{{{
#!python
from django.db import models
class Rectangle(models.Model):
length = models.IntegerField(null=True)
width = models.IntegerField(null=True)
}}}
We make the following queries: Q1) Rectangles that are squares. Q2a)
Rectangles that are not squares (length != width). Q2b) Rectangles that
are not squares (width != length). Queries Q2a and Q2b semantically mean
the same. However, the ORM generates different SQL for these two queries.
{{{
#!python
import django
django.setup()
from django.db.models import F
from testapp.models import Rectangle
print '--- Q1: Get the rectangles that are squares'
print Rectangle.objects.filter(length=F('width')).values('pk').query
print '--- Q2a: Get the rectangles that are not squares'
print Rectangle.objects.exclude(length=F('width')).values('pk').query
print '--- Q2b: Get the rectangles that are not squares'
print Rectangle.objects.exclude(width=F('length')).values('pk').query
}}}
The generated SQL is
{{{
#!sql
--- Q1: Get the rectangles that are squares
SELECT "testapp_rectangle"."id" FROM "testapp_rectangle" WHERE
"testapp_rectangle"."length" = ("testapp_rectangle"."width")

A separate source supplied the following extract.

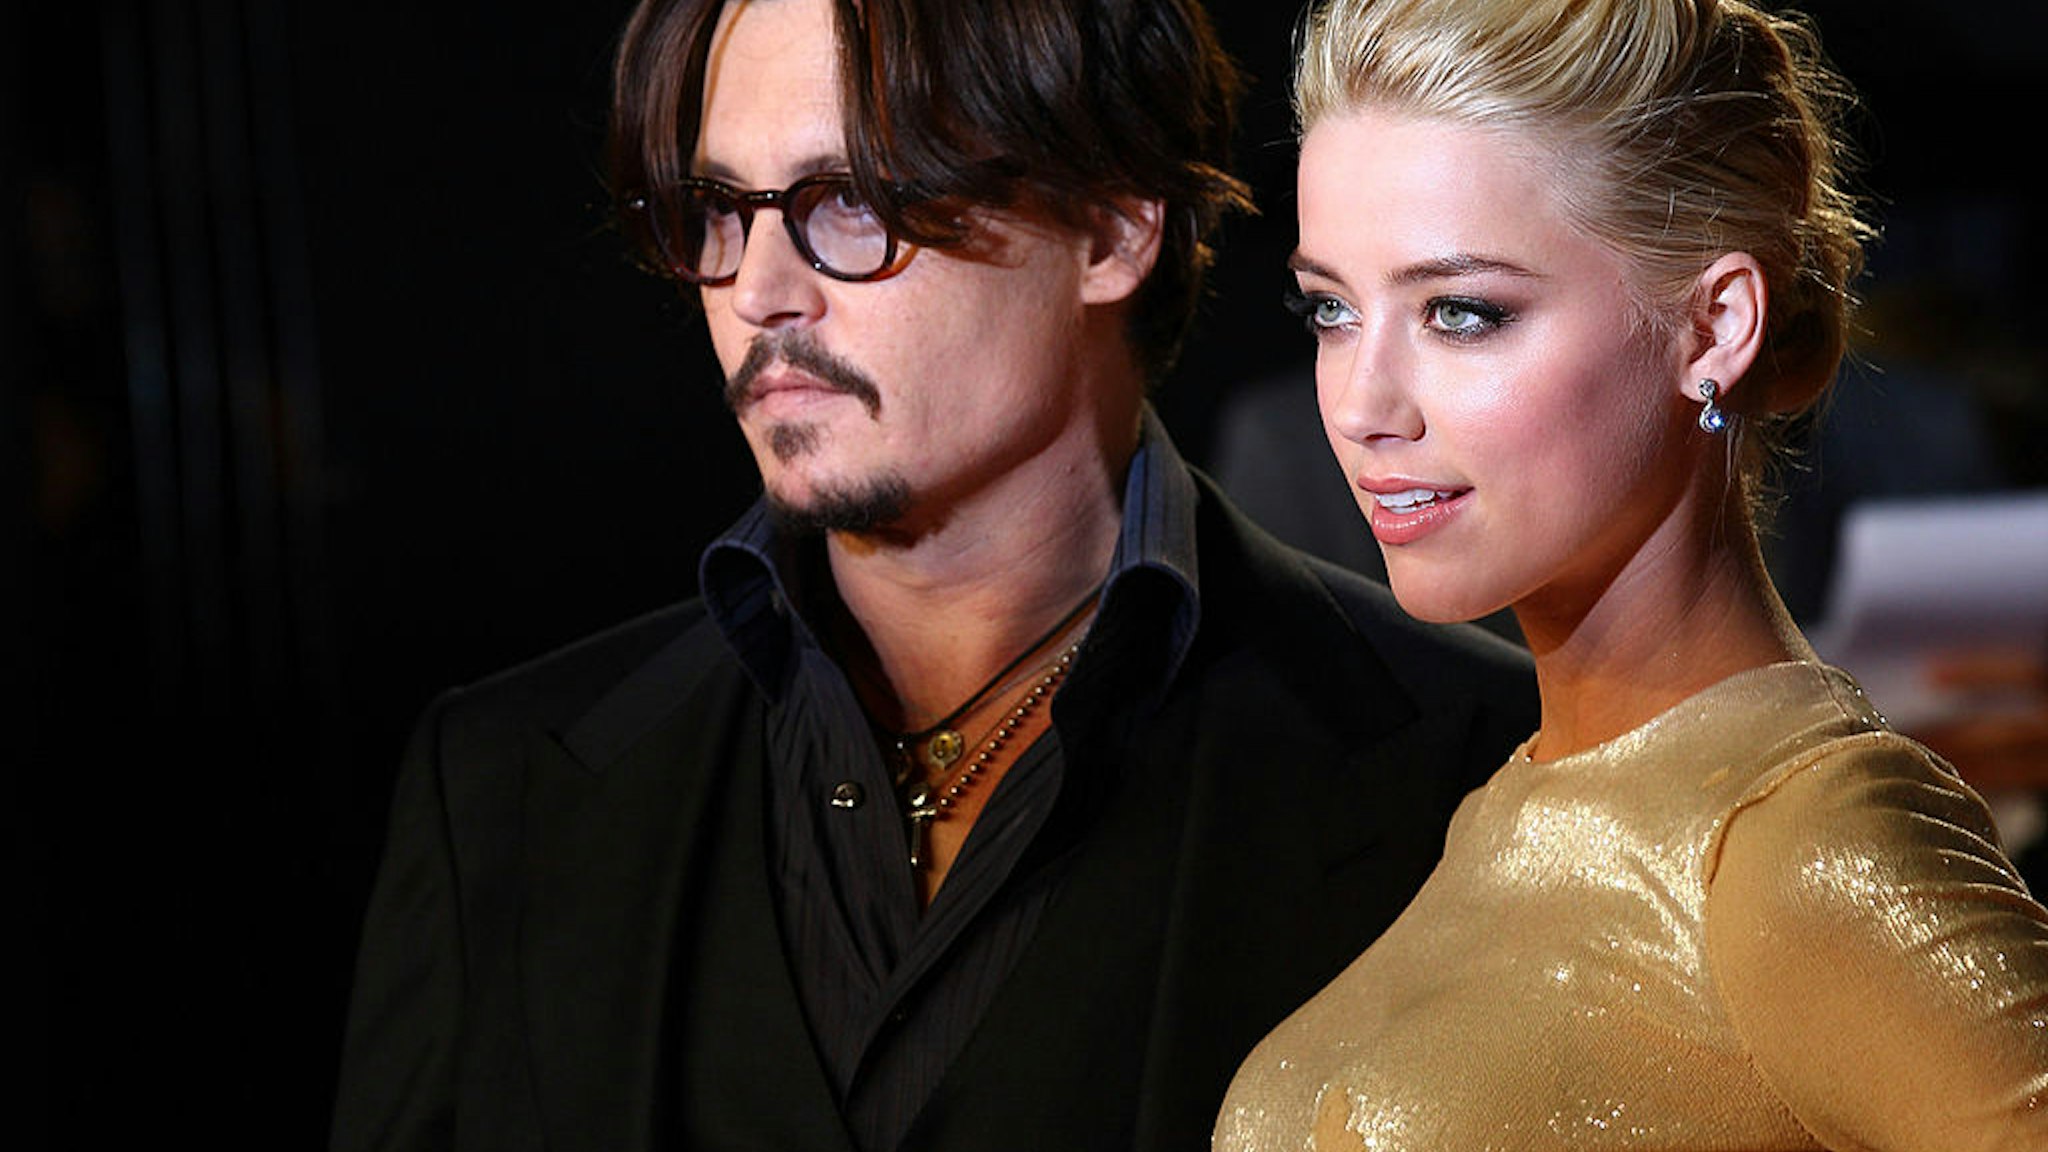 Johnny Depp and Amber Heard attend the European Premiere of 'The Rum Diary' at Odean, Kensington on November 3, 2011 in London, England.

--- Q2a: Get the rectangles that are not squares
SELECT "testapp_rectangle"."id" FROM "testapp_rectangle" WHERE NOT
("testapp_rectangle"."length" = ("testapp_rectangle"."width") AND
"testapp_rectangle"."length" IS NOT NULL)

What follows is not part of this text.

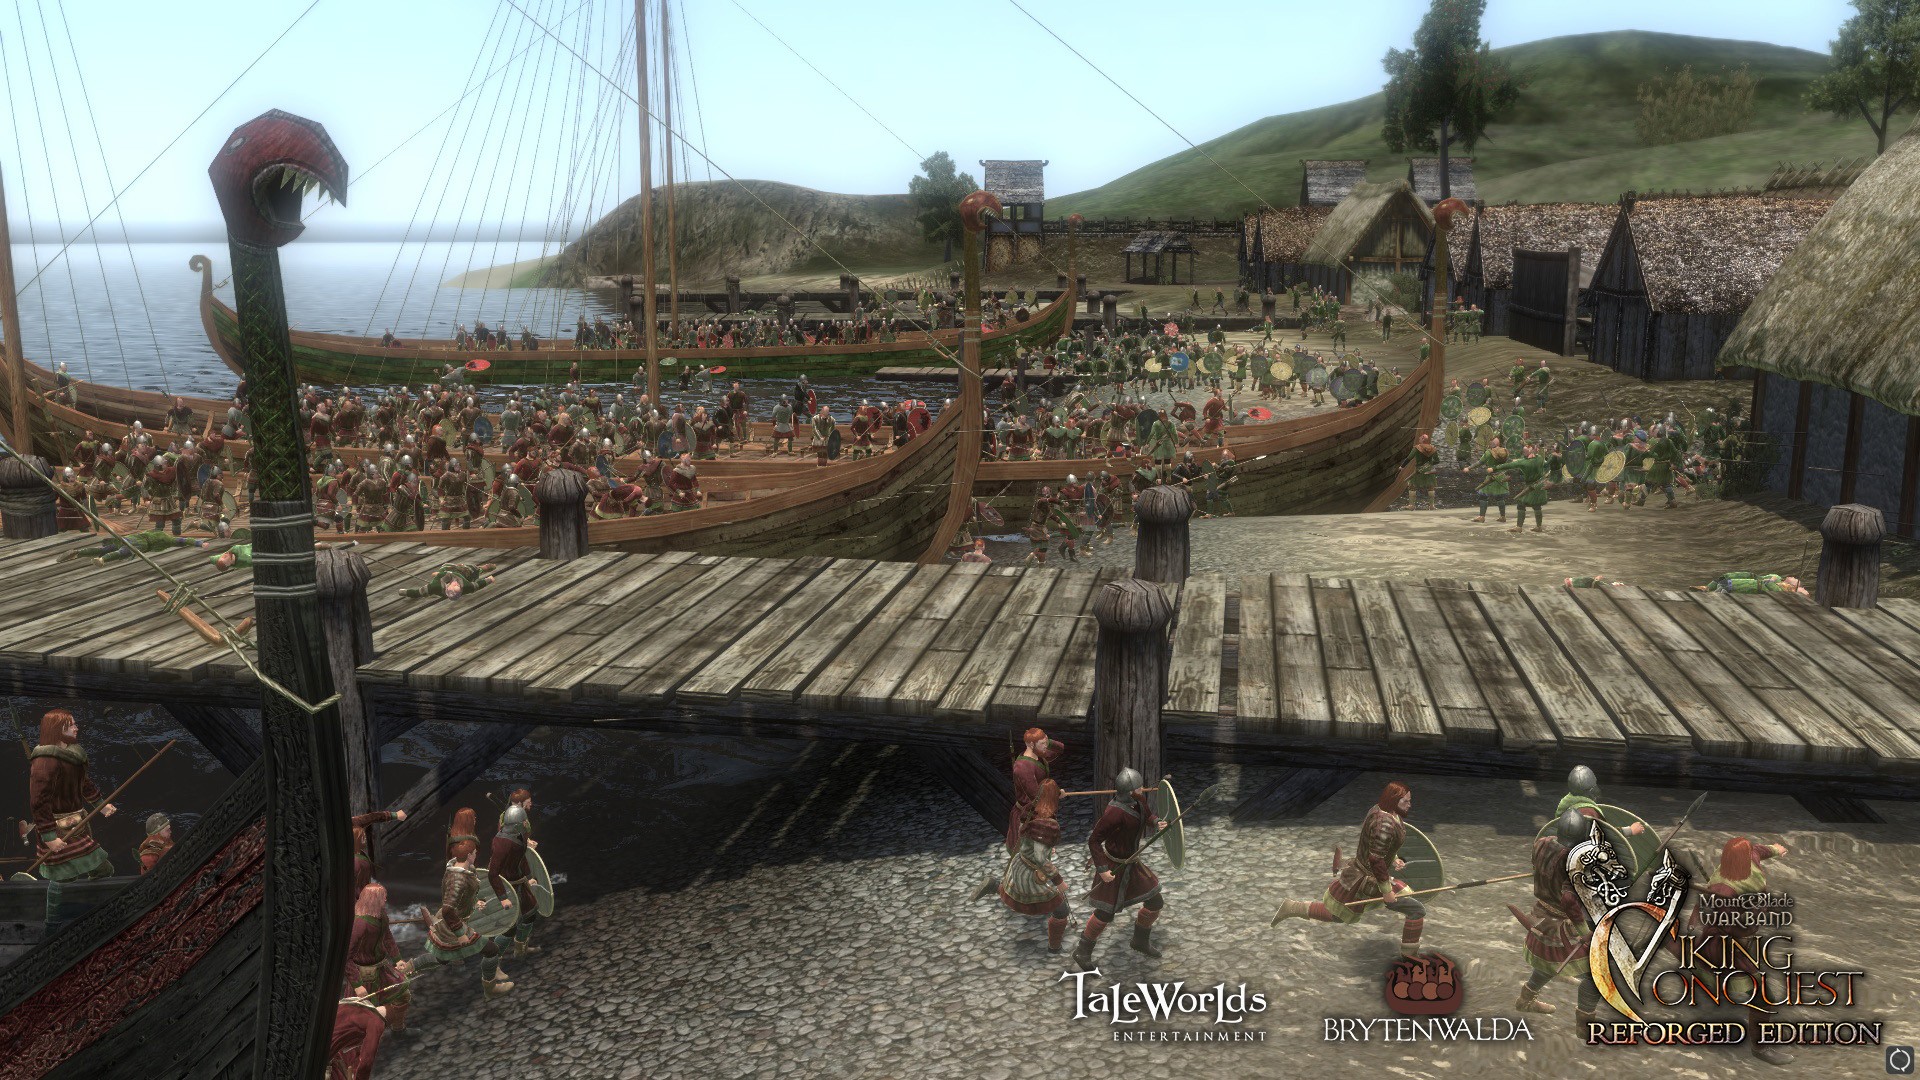 mount and blade viking conquest companion guide

--- Q2b: Get the rectangles that are not squares
SELECT "testapp_rectangle"."id" FROM "testapp_rectangle" WHERE NOT
("testapp_rectangle"."width" = ("testapp_rectangle"."length") AND
"testapp_rectangle"."width" IS NOT NULL)
}}}
Note the asymmetry between Q2a and Q2b. These queries will return
different results.
Reddit user /u/charettes set up this useful SQL fiddle with the above
mentioned schema and test values: http://sqlfiddle.com/#!12/c8283/4 Here's
my reddit post on this issue:
http://www.reddit.com/r/django/comments/2lxjcc/unintuitive_behavior_of_f_expression_with_exclude/
--
Ticket URL: <https://code.djangoproject.com/ticket/23797>
Django <https://code.djangoproject.com/>
The Web framework for perfectionists with deadlines.

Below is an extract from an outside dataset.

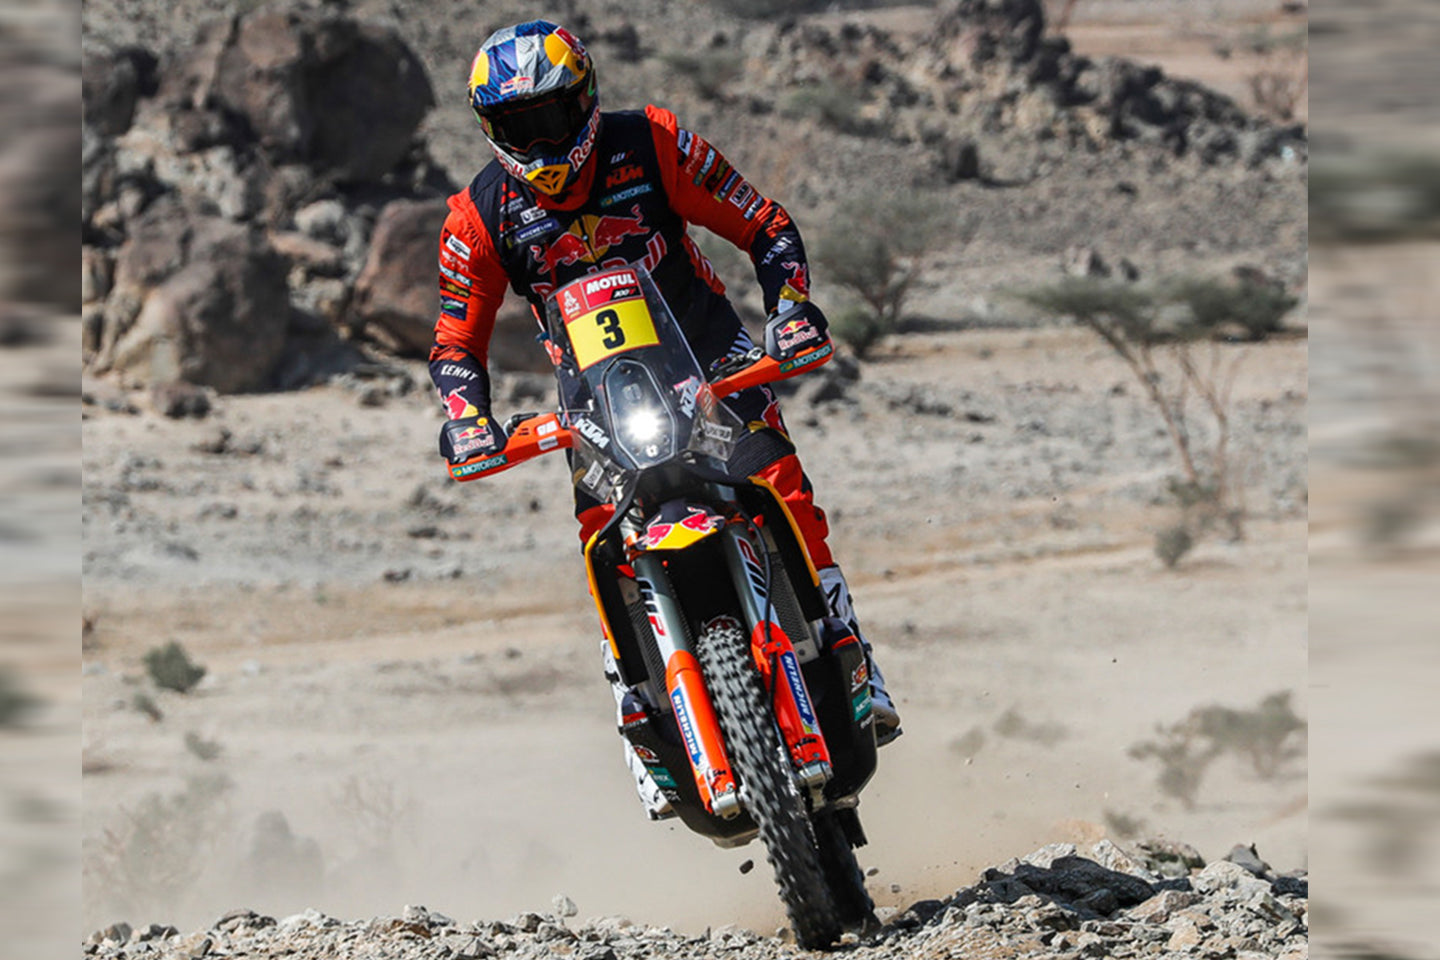 TOBY PRICE STORMS TO STAGE ONE VICTORY AT DAKAR 2021

* needs_better_patch: => 0
* needs_docs: => 0
* needs_tests: => 0
* stage: Unreviewed => Accepted
Comment:
Unfortunately this will be messy to fix. It is true that .exclude() should
produce the complement of .filter(), and that doesn't happen here.
One possible solution is to use `WHERE ("testapp_rectangle"."length" =
("testapp_rectangle"."width")) IS NOT true`. This should match both null
and false values (the .filter() query could be written as `WHERE
("testapp_rectangle"."length" = ("testapp_rectangle"."width")) IS true`. I
have no idea how well IS NOT true is optimized, and if it is available for
all backends.
Another possibility is to also filter F() NULL values, but as said that
will be messy.
--
Ticket URL: <https://code.djangoproject.com/ticket/23797#comment:1>
Comment (by akaariai):
After a quick test, it seems the `WHERE ("testapp_rectangle"."length" =
("testapp_rectangle"."width")) IS NOT true` approach will not work that
well. At least PostgreSQL wont use indexes for a query `select * from
foobar where (id > 1 and id < 20) is true`, but will use the index for
`select * from foobar where (id > 1 and id < 20)`. This tells me
PostgreSQL's optimizer will not handle the is true / is not true
conditions well.
If somebody is able to provide a somewhat clean solution to this, I am all
for fixing this.
--
Ticket URL: <https://code.djangoproject.com/ticket/23797#comment:2>
Comment (by mssnlayam):
Is it the case that `filter()` and `exclude()` should produce the
complement of each other? If that is not the case, the obvious queries
would be `WHERE (length = width)` and `WHERE NOT (length = width)`.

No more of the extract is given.